Web Scraping follows this workflow:
  • Get the website - using HTTP library
  • Parse the html document - using any parsing library
  • Store the results - either a db, csv, text file, etc

We will focus more on parsing.

Libraries available for the job 

Some of the most widely known libraries used for web scraping are:


  • BeautifulSoup 
  • lxml 
  • re ( not really for web scraping, I will explain later ) 
  • Scrapy ( a complete framework )
  • Some HTTP libraries for web scraping

    • Requests
    r = requests.get('https://www.google.com').html 
    • urllib and urllib2 
    html = urllib2.urlopen('http://python.org/').read()
    
    • httplib and httplib2 
    h = httplib2.Http(".cache")
    (resp_headers, content) = h.request("http://example.org/", "GET") 

    Parsing libraries


    • BeautifulSoup
    tree = BeautifulSoup(html_doc)
    tree.title 
    • lxml
    tree = lxml.html.fromstring(html_doc)
    title = tree.xpath('/title/text()') 
    • re
    title = re.findall('<title>(.*?)</title>', html_doc) 

    BeautifulSoup

    • A beautiful API
    soup = BeautifulSoup(html_doc)
    last_a_tag = soup.find("a", id="link3")
    all_b_tags = soup.find_all("b") 
    • very easy to use
    • can handle broken markup
    • purely in Python
    • slow :(

     lxml

    The lxml XML toolkit provides Pythonic bindings for the C libraries libxml2 and libxslt without sacrificing speed. 

    • very fast
    • not purely in Python
    • If you have no "pure Python" requirement use lxml
    • lxml works with all python versions from 2.4 to 3.3

    re

    re is the regex library for Python. It is used only to extract minute amount of text. Entire HTML parsing is not possible with regular expressions. Its unpopularity is due to:
    • requires you to learn its symbols e.g 
    '.',*,$,^,\b,\w 
    • can become complex

    However it is
    • purely baked in Python 
    • a part of standard library
    • very fast - I will show later
    • supports every Python version

    Comparison of lxml, re and BeautifulSoup

    import re
    import time
    import urllib2
    from bs4 import BeautifulSoup
    from lxml import html as lxmlhtml
    
    def timeit(fn, *args):
        t1 = time.time()
        for i in range(100):
            fn(*args)
        t2 = time.time()
        print '%s took %0.3f ms' % (fn.func_name, (t2-t1)*1000.0)
        
    def bs_test(html):
        soup = BeautifulSoup(html)
        return soup.html.head.title
        
    def lxml_test(html):
        tree = lxmlhtml.fromstring(html)
        return tree.xpath('//title')[0].text_content()
        
    def regex_test(html):
        return re.findall('', html)[0]
        
    if __name__ == '__main__':
        url = 'http://freepythontips.wordpress.com/'
        html = urllib2.urlopen(url).read()
        for fn in (bs_test, lxml_test, regex_test):
            timeit(fn, html) 

    The result 

    yasoob@yasoob:~/Desktop$ python test.py
    bs_test took 1851.457 ms
    lxml_test took 232.942 ms
    regex_test took 7.186 ms 
    
    
    • lxml took 32x more time than re
    • BeautifulSoup took 245x! more time than re

    What to do when your scraping needs are very high?

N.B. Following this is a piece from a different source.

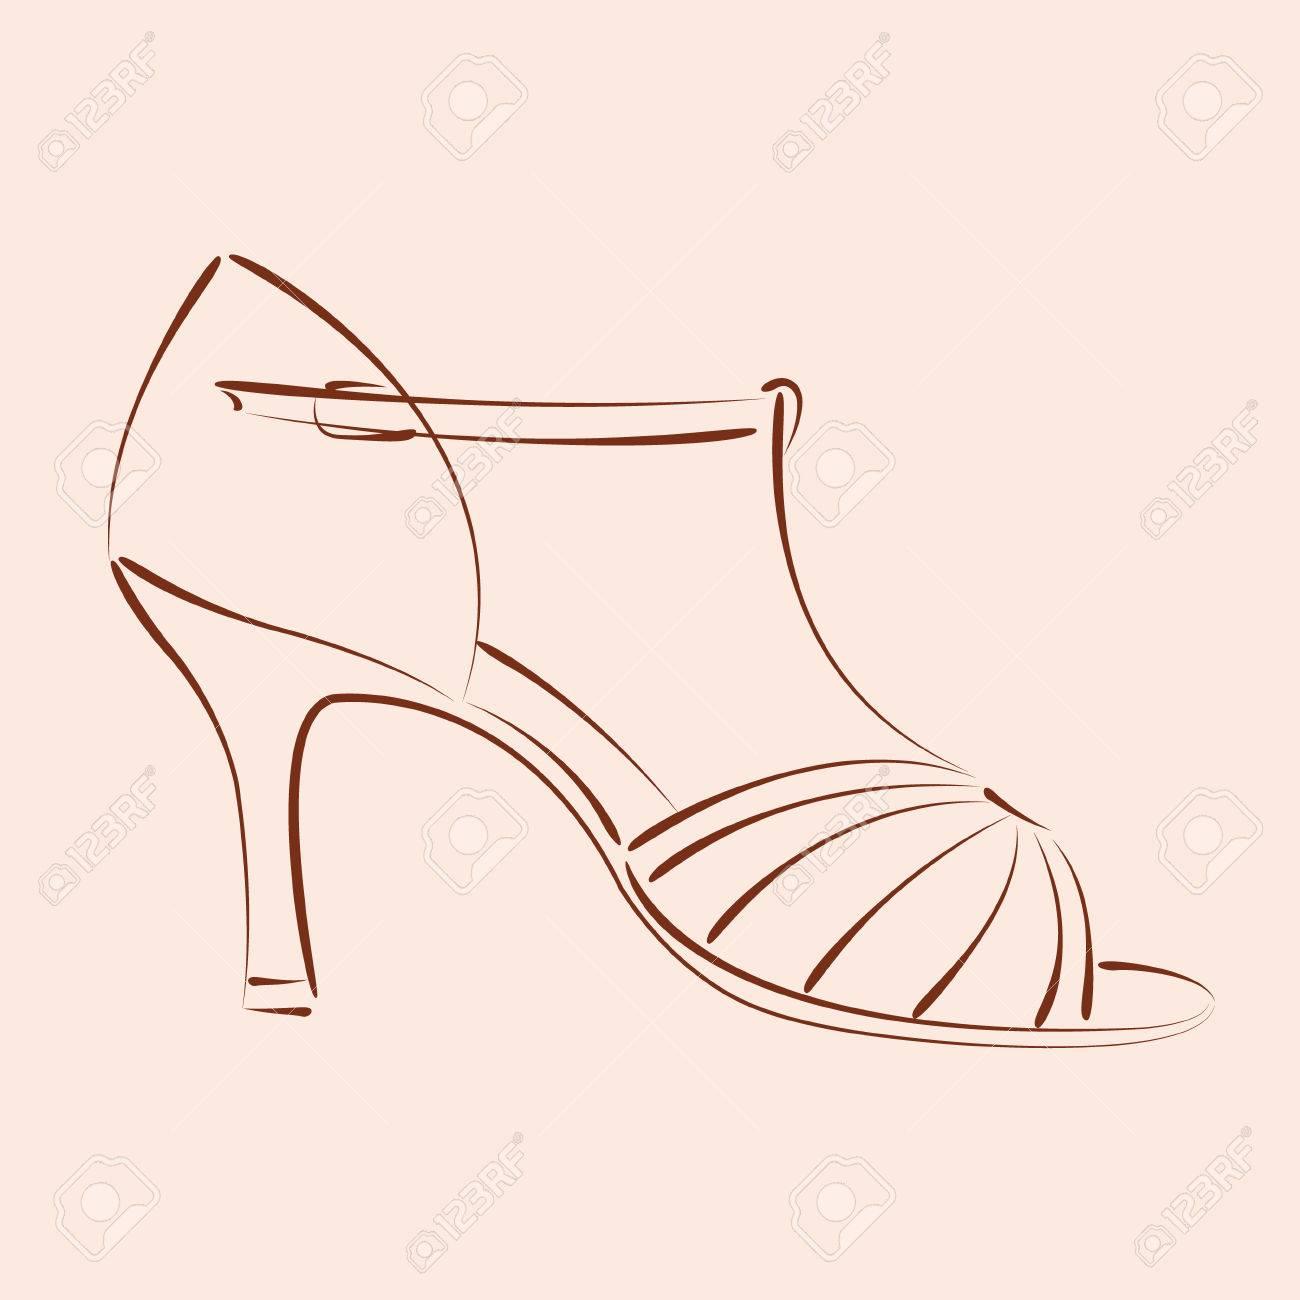 1300x1300 Elegant Sketched Woman S Shoe. Salsa Dance Shoes. Background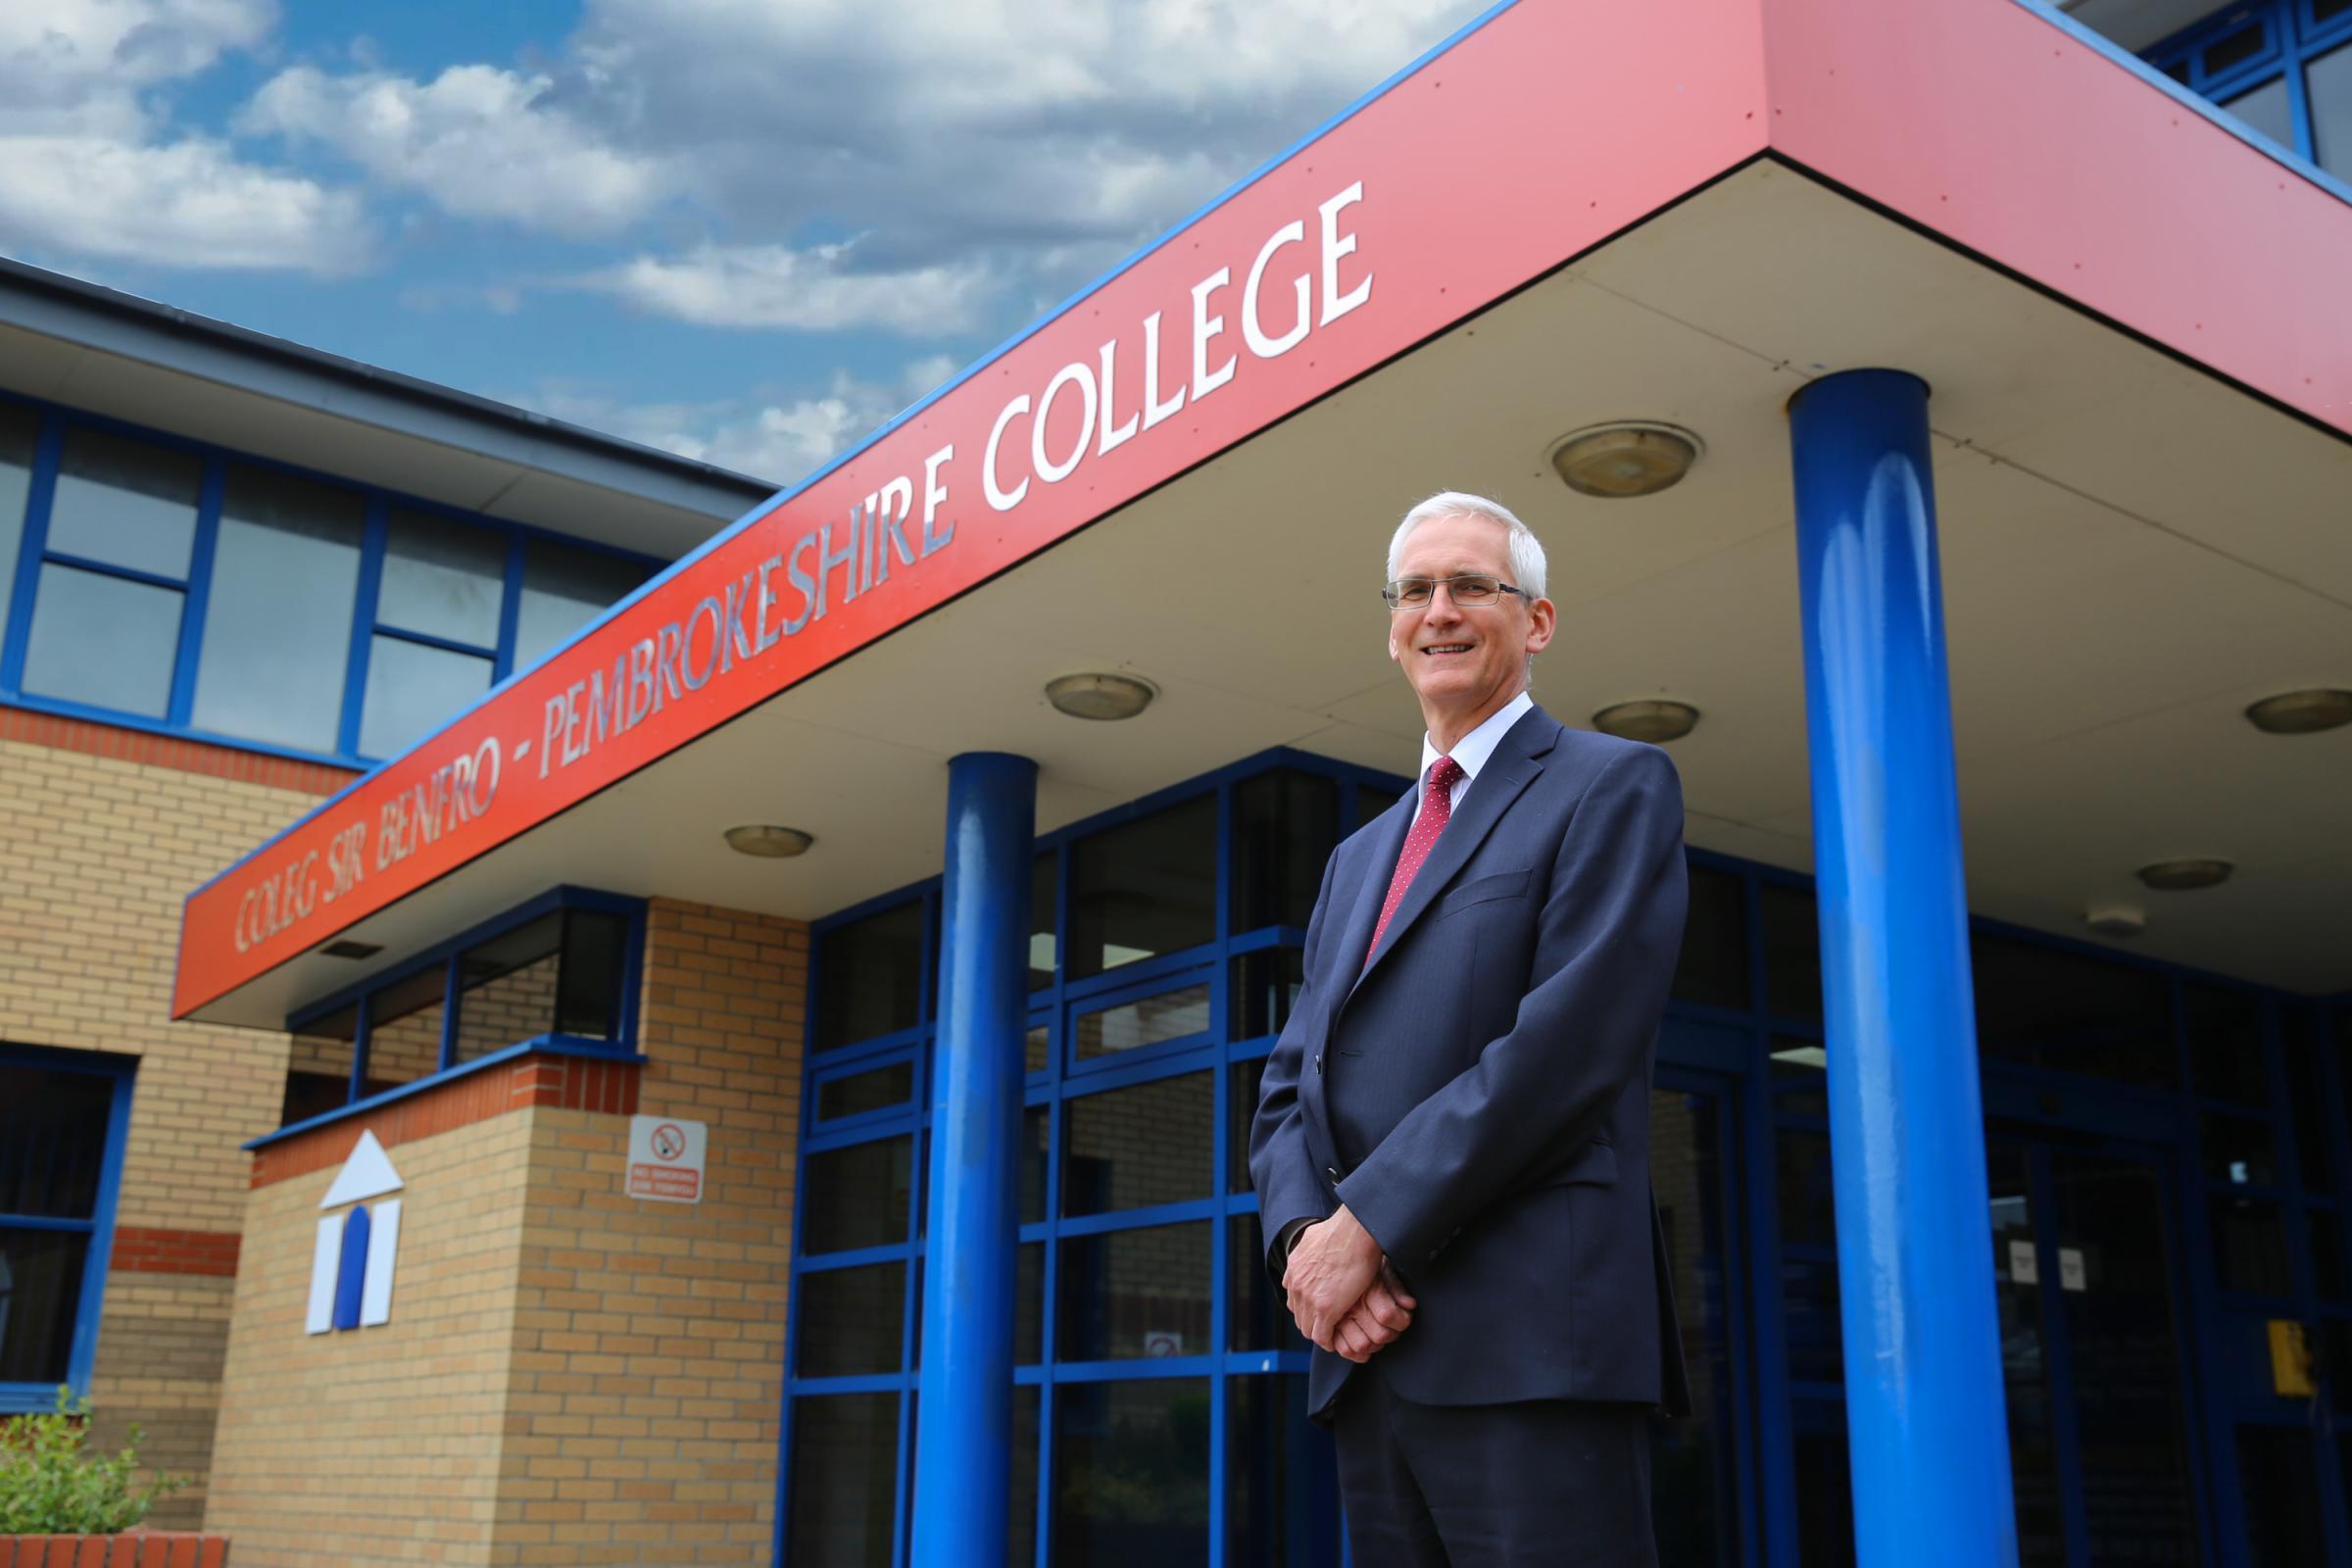 New principal at Pembrokeshire College

    • You want to scrape millions of web pages everyday. 
    • You want to make a broad scale web scraper. 
    • You want to use something that is thoroughly tested 
    • Is there any solution ?

    Yes there is a solution!


    One word, use Scrapy!

    • Scrapy is very fast

    • It's a full blown away throughly tested framework

    • It's asynchronous

    • It's easy to use

    • It has everything you need to start scraping

    • It's made in Python 

    How does Scrapy compare to BeautifulSoup or lxml?

    BeautifulSoup and lxml are libraries for parsing HTML and XML. Scrapy is an application framework for writing web spiders that crawl web sites and extract data from them. In other words, comparing BeautifulSoup (or lxml) to Scrapy is like comparing jinja2 to Django - scrapy docs
    Scrapy only supports Python 2.7 and NOT 3.x

    When to use Scrapy


    • When you have to scrape millions of pages
    • When you want asynchronous support out of the box
    • When you don't want to reinvent the wheel
    • When you are not afraid to learn something new

    If you are not willing to risk the unusual, you will have to settle for the ordinary – Jim Rohn

    Starting out with Scrapy


    The workflow in Scrapy:
    • Define a scraper
    • Define the items you are going to extract
    • Define the items pipeline (Optional)
    • Run the scraper

    Note: I will just demonstrate the basic building blocks of Scrapy. In Scrapy a scraper is called a spider

    Using the Scrapy command-line tool

    scrapy startproject tutorial 
    
    • This will create the following directory and files:
    tutorial
    ├── scrapy.cfg
    └── tutorial
        ├── __init__.py
        ├── items.py
        ├── pipelines.py
        ├── settings.py
        └── spiders
            └── __init__.py
     
    • A project can have multiple spiders

    What is an Item?

    Items are containers that will be loaded with the scraped data. They work like simple Python dicts but provide additional protecting against populating undeclared fields, to prevent typos.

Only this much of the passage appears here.